Niall and I had been dating for nearly three months. We were friends for a long time, always hanging out and messing around, watching movies and eating like our stomachs were bottomless pits. I was one of the few people who could actually keep up with Ni and his voracious appetite. We flirted too much for our own good, but that was just the way we fit together. I'd be lying if I said that I didn't have feelings for him. He was just that kind of boy, though. He had such an energetic personality, always wanting to try something new and go somewhere, always wanting to go on some crazy adventure. In some aspects he was still like a little boy, his laugh contagious and his smile completely radiant. I couldn't help but develop feelings for him. I was a goner right away.

After he left to go on tour I didn't see him for almost four months. It was tough to fill my time with work, directly going to hang out with my other friends after. It wasn't the same, though. We didn't talk on the phone every night and we obviously could have our movie nights anymore. Whenever I passed by a Nandos I kept my head down, unable to look inside without getting sad. It was hard not having him there, extremely hard. But that made Niall coming home that much more special.

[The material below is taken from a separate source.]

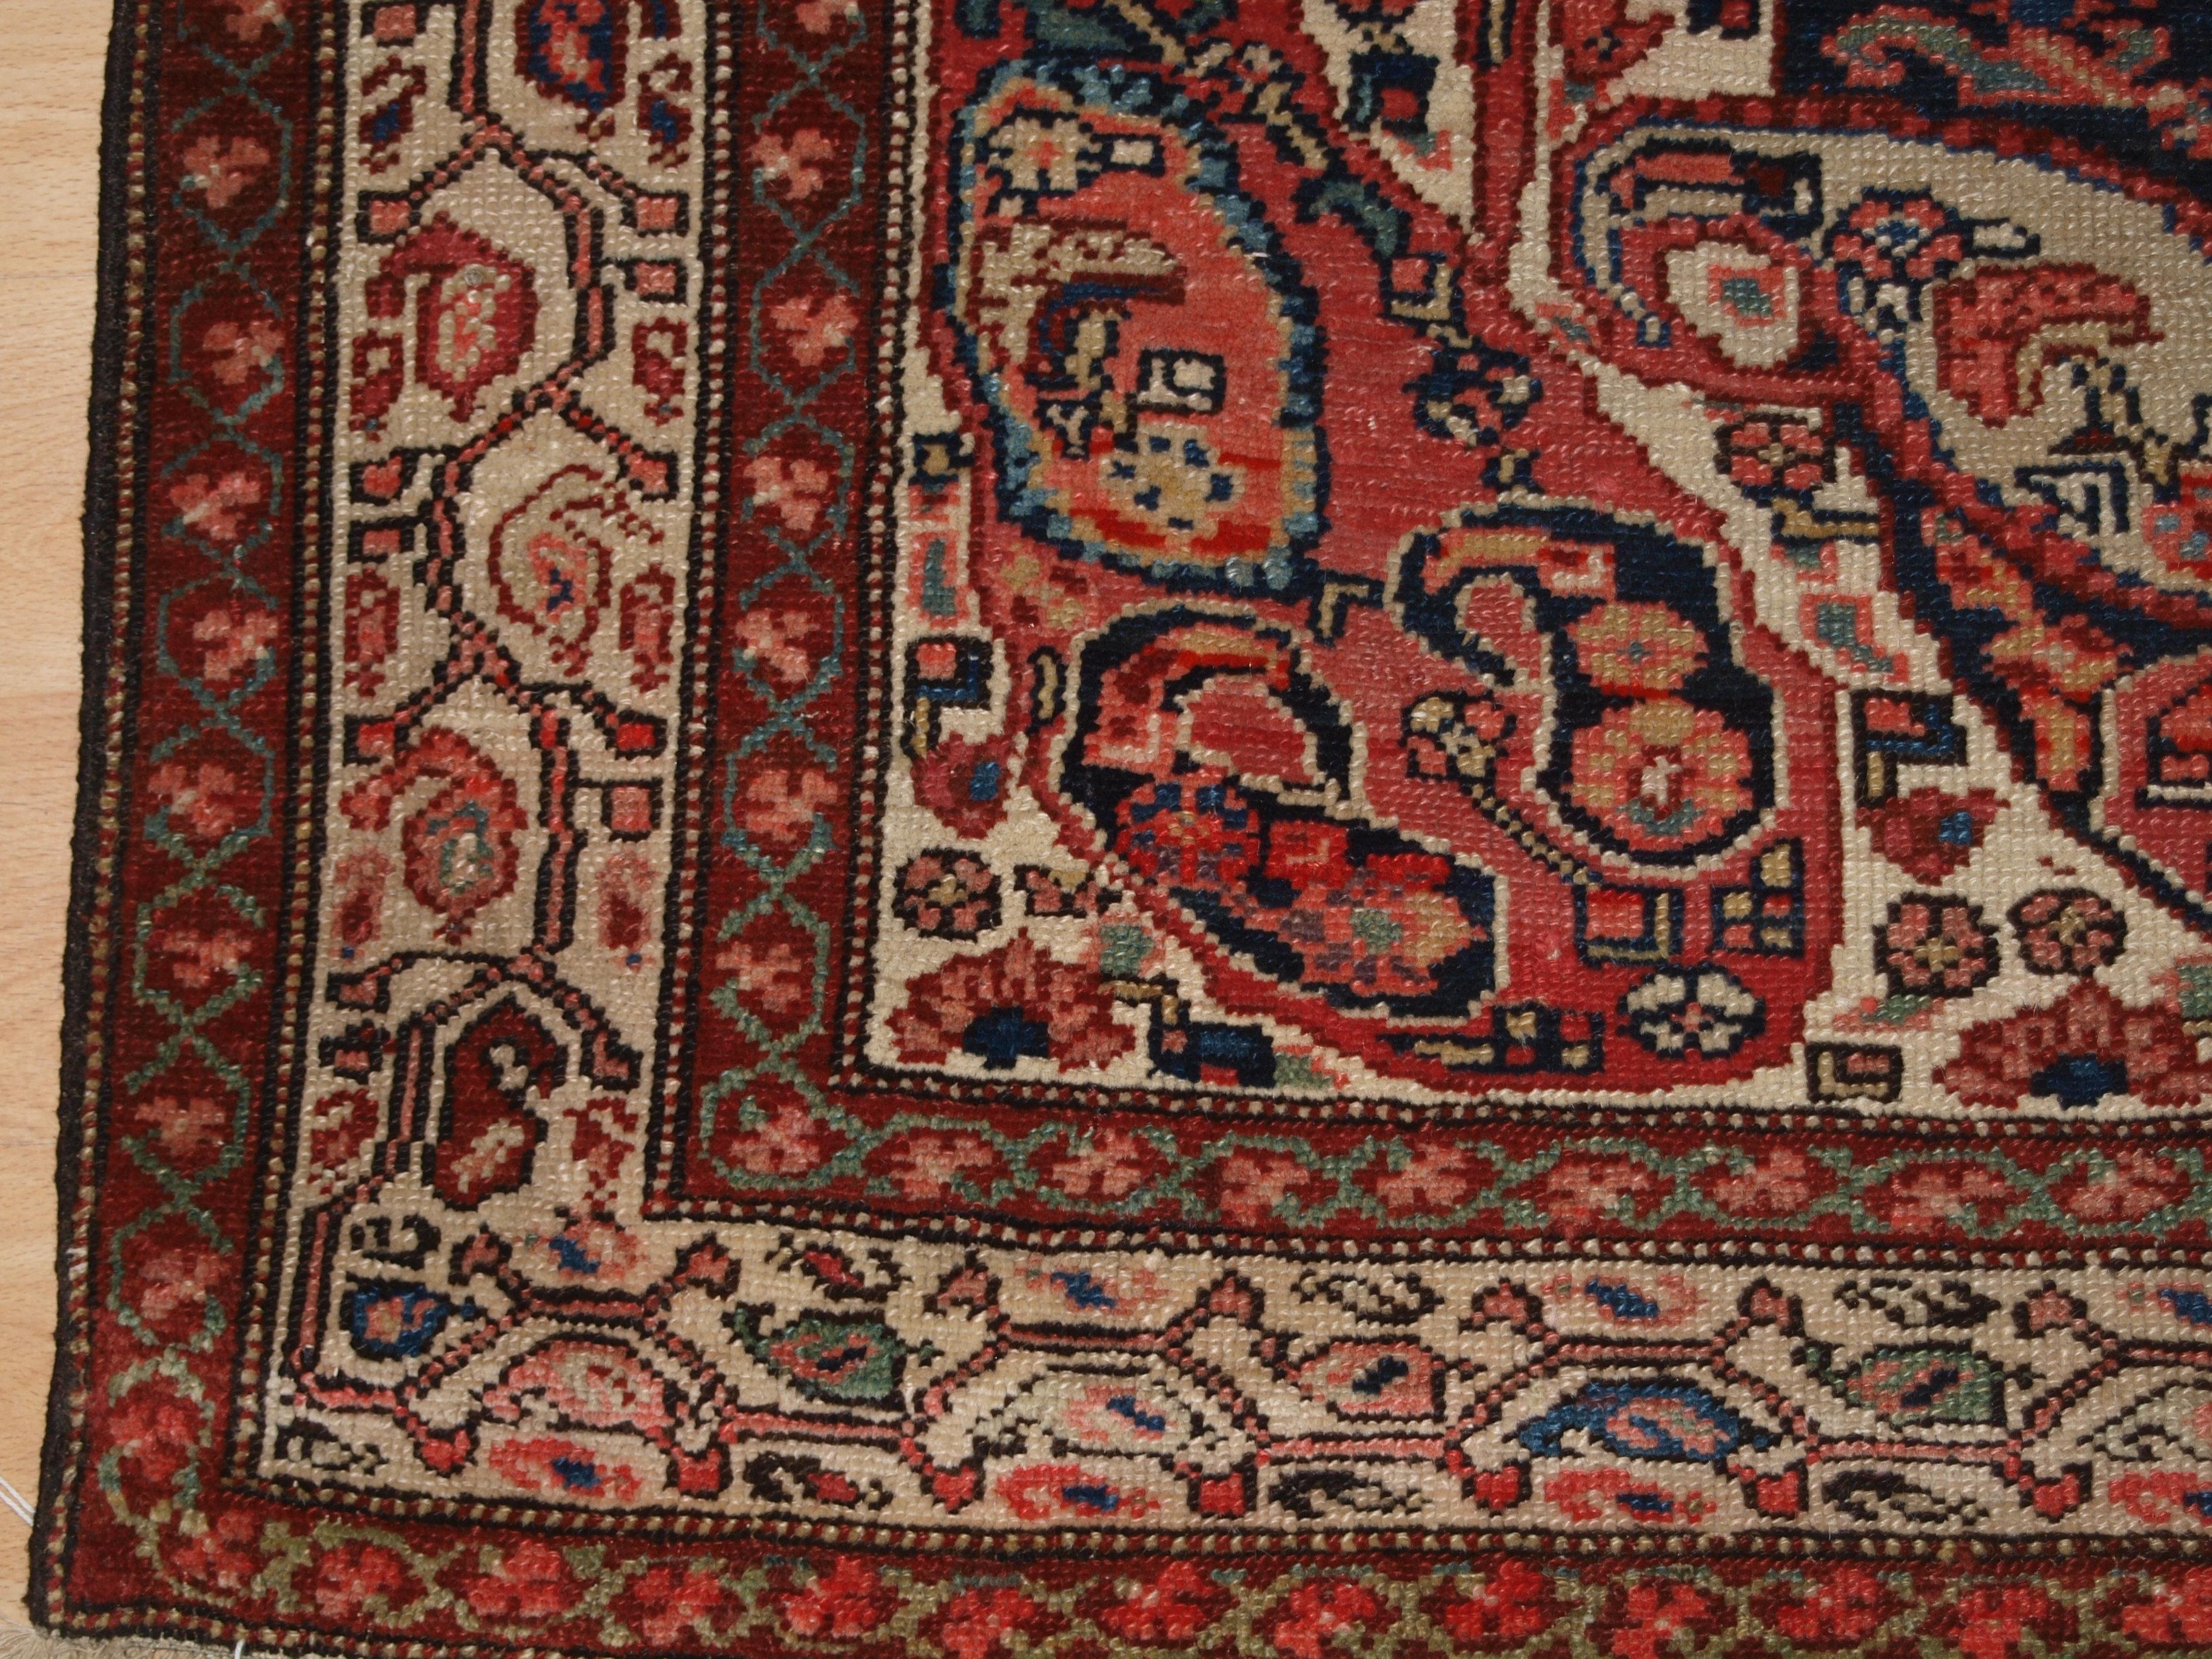 Antique Malayer Village Rug with Mother Child Boteh Design, circa 1900 For Sale 2

He'd surprised me, showing up at the end of my block as I walked down the sidewalk, earbuds in as music blasted through them. I was staring at the ground when I suddenly got the urge to look up. With that messy blonde hair and tired but still gorgeous smile, Niall let out a laugh and waved at me. I'd been shocked, seriously stunned because he wasn't supposed to be home for another week. But it had been the best surprise to ever happen to me, and as I ran toward him I realized that somewhere along the way I'd fallen in love with one of my best friend's.

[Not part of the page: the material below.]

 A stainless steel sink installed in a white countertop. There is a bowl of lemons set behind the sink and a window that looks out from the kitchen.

That was the first time I'd kissed Niall James Horan. We were standing outside of my townhouse, the sky darkening with the oncoming threat of rain. With my arms and legs wrapped around him as he swung me around, I couldn't help the feeling that overcame me and I pressed my lips to his, pausing and pulling away because it hit me all too quickly what I'd just done.

"I'm sorry," I whispered, tears already pricking my eyes because I knew that there was a huge chance I'd ruined our friendship.

He stared at me for a few moments and said nothing, one hand still holding my waist while I stared up at him. His eyes looked an unreal shade of blue, a slight green appearing just around the pupils. I'd gotten lost in those eyes so many times, stared into them while Niall told me about how hard it was sometimes, about how it hurt because some people didn't like him as much as the other boys. I'd looked in those eyes enough times to know when he was sad, when he was happy, or when he was fuming angry.